**DATA FOR THE TASK**.
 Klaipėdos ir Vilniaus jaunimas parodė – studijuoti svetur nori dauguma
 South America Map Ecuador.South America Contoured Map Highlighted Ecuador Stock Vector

--

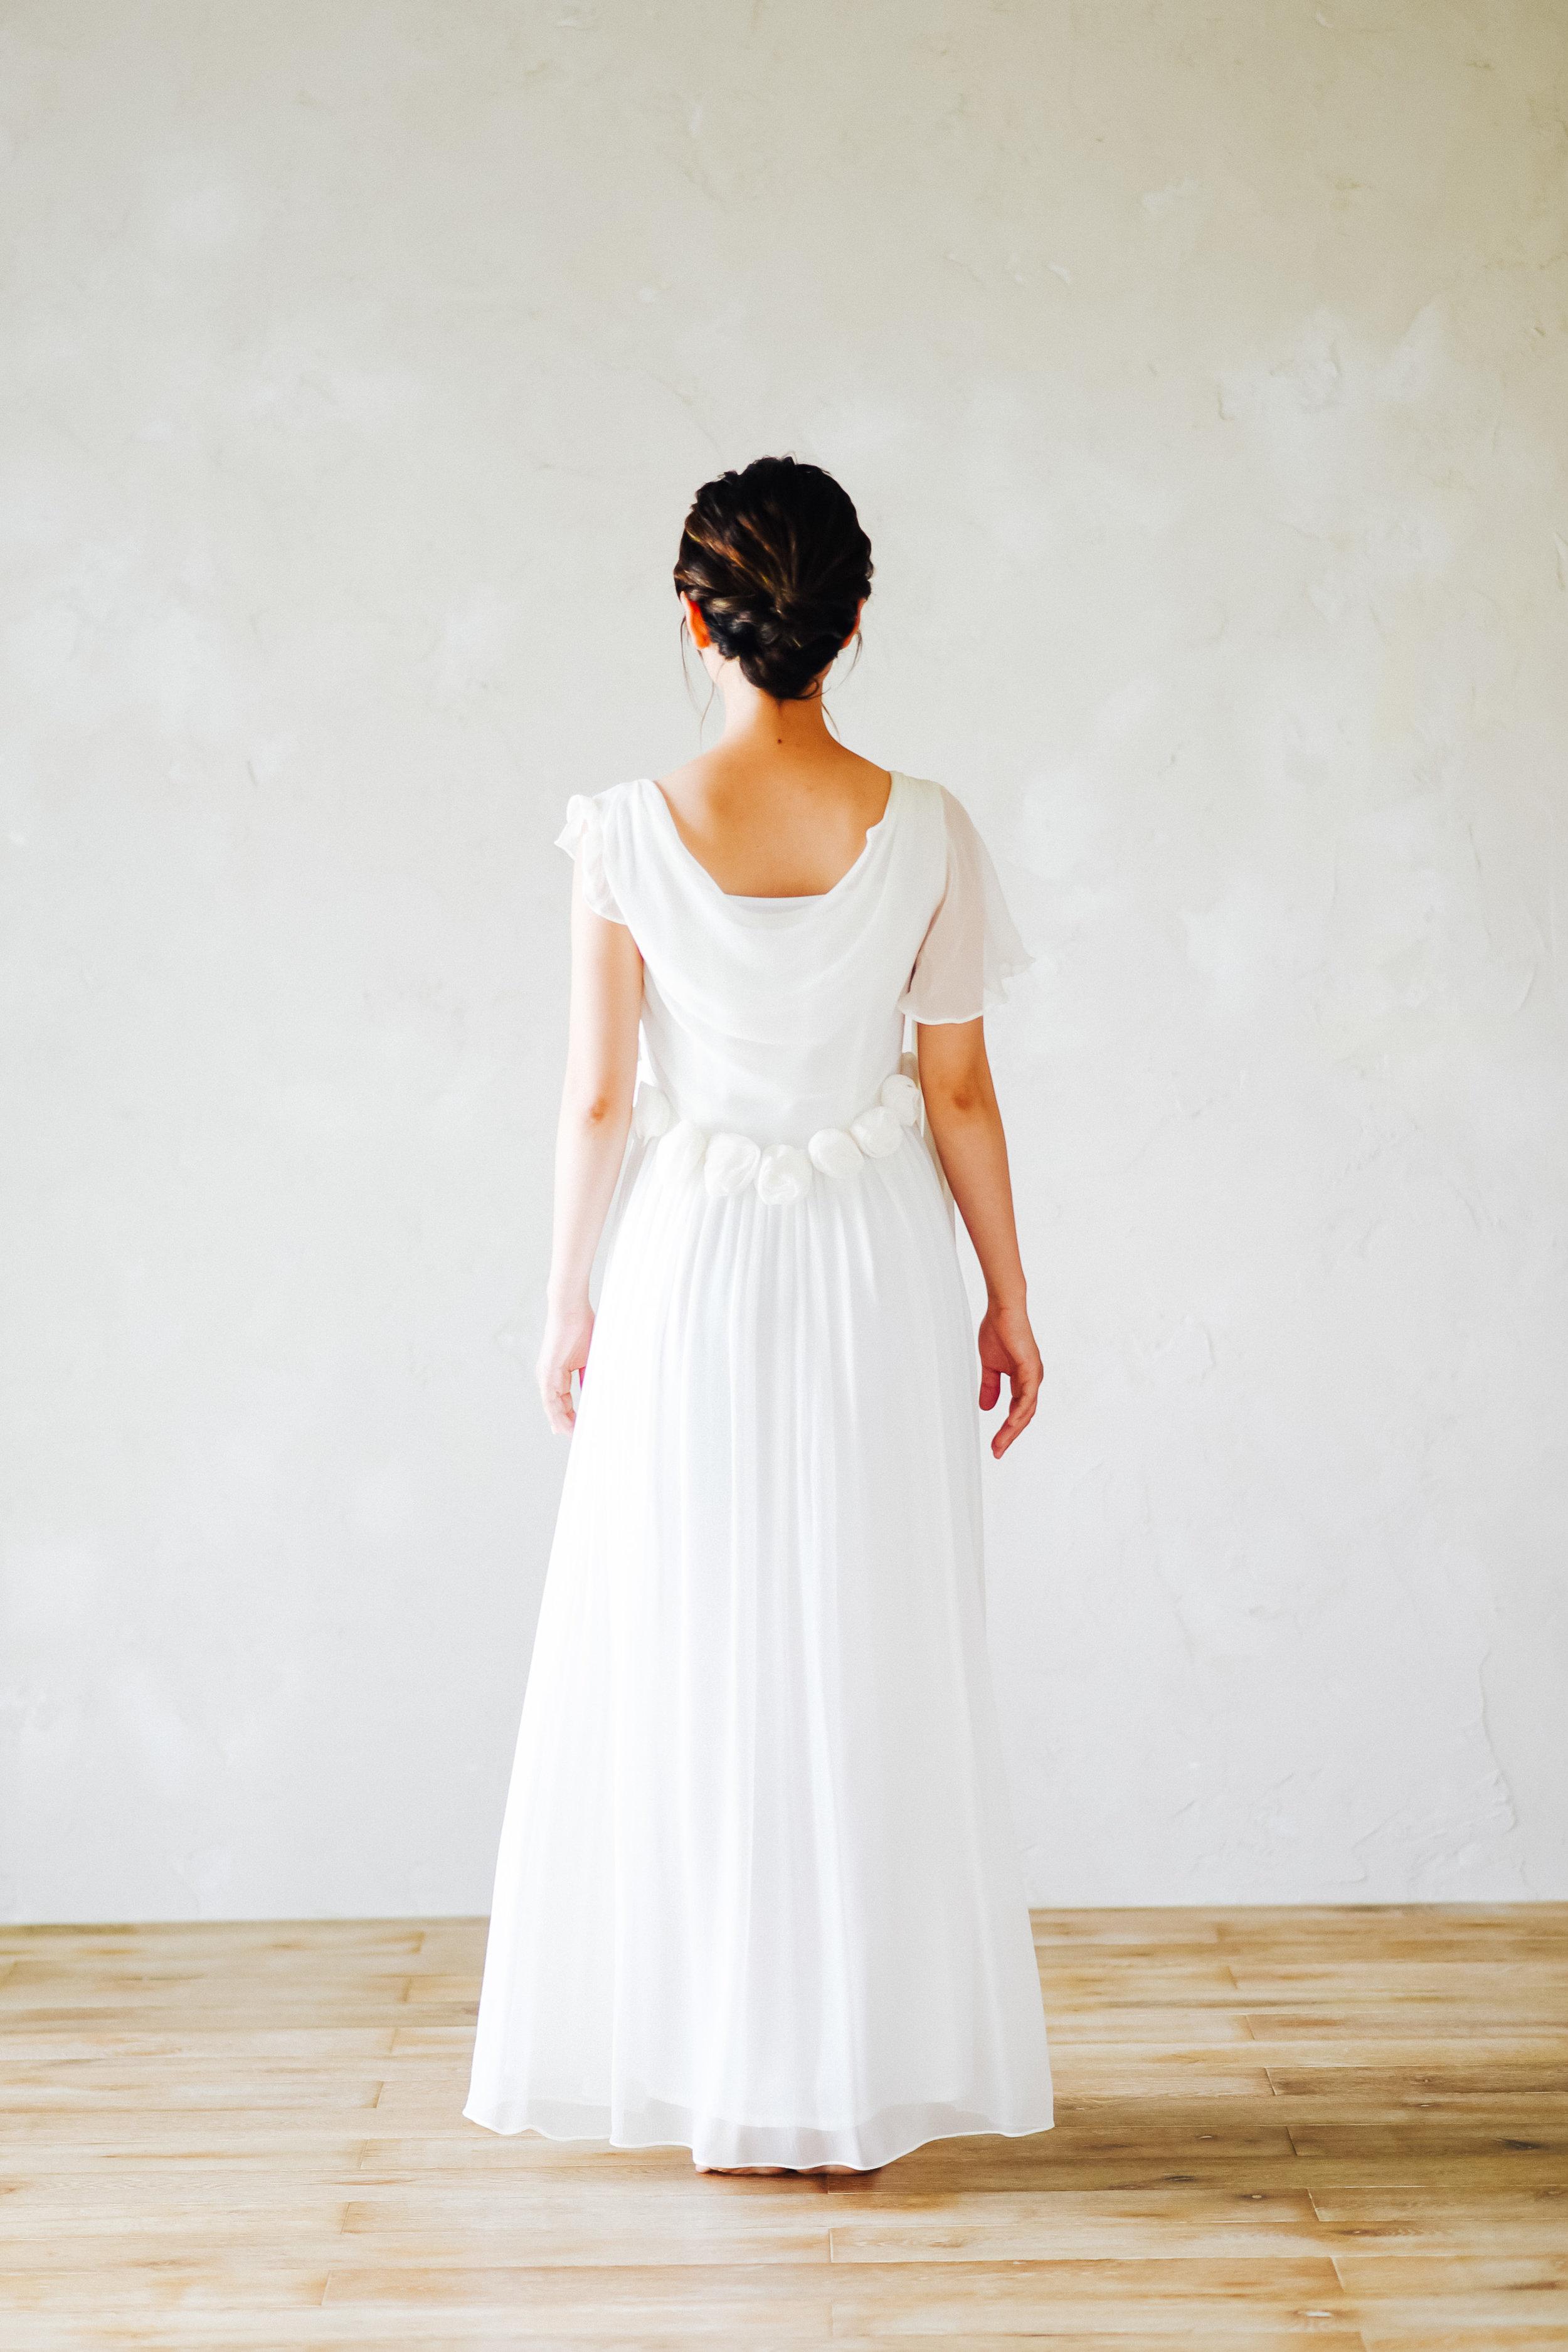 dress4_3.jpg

...

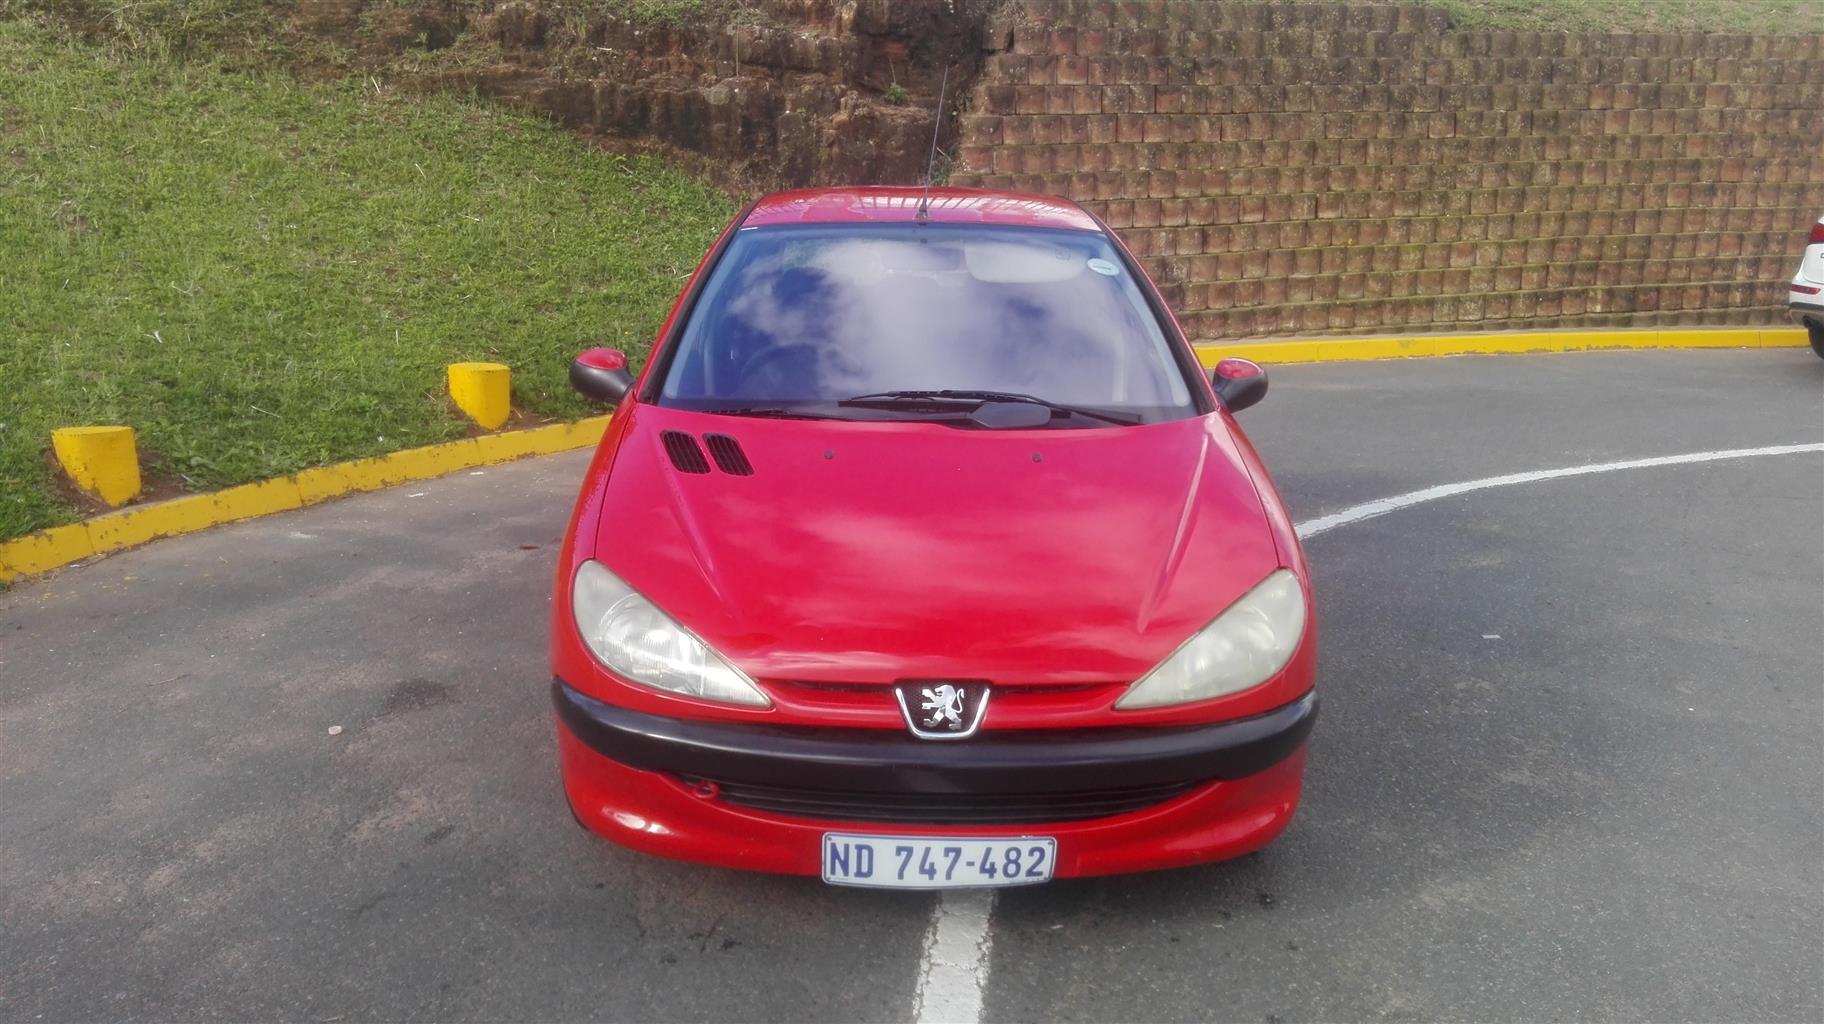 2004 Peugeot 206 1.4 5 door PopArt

**YOUR OBJECTIVE**. Extract exactly and only the lines above from the line containing "Klaipėdos ir Vilniaus" through the line containing "South America Map", both end lines included.

**RESULT BELOW**.
 Klaipėdos ir Vilniaus jaunimas parodė – studijuoti svetur nori dauguma
 South America Map Ecuador.South America Contoured Map Highlighted Ecuador Stock Vector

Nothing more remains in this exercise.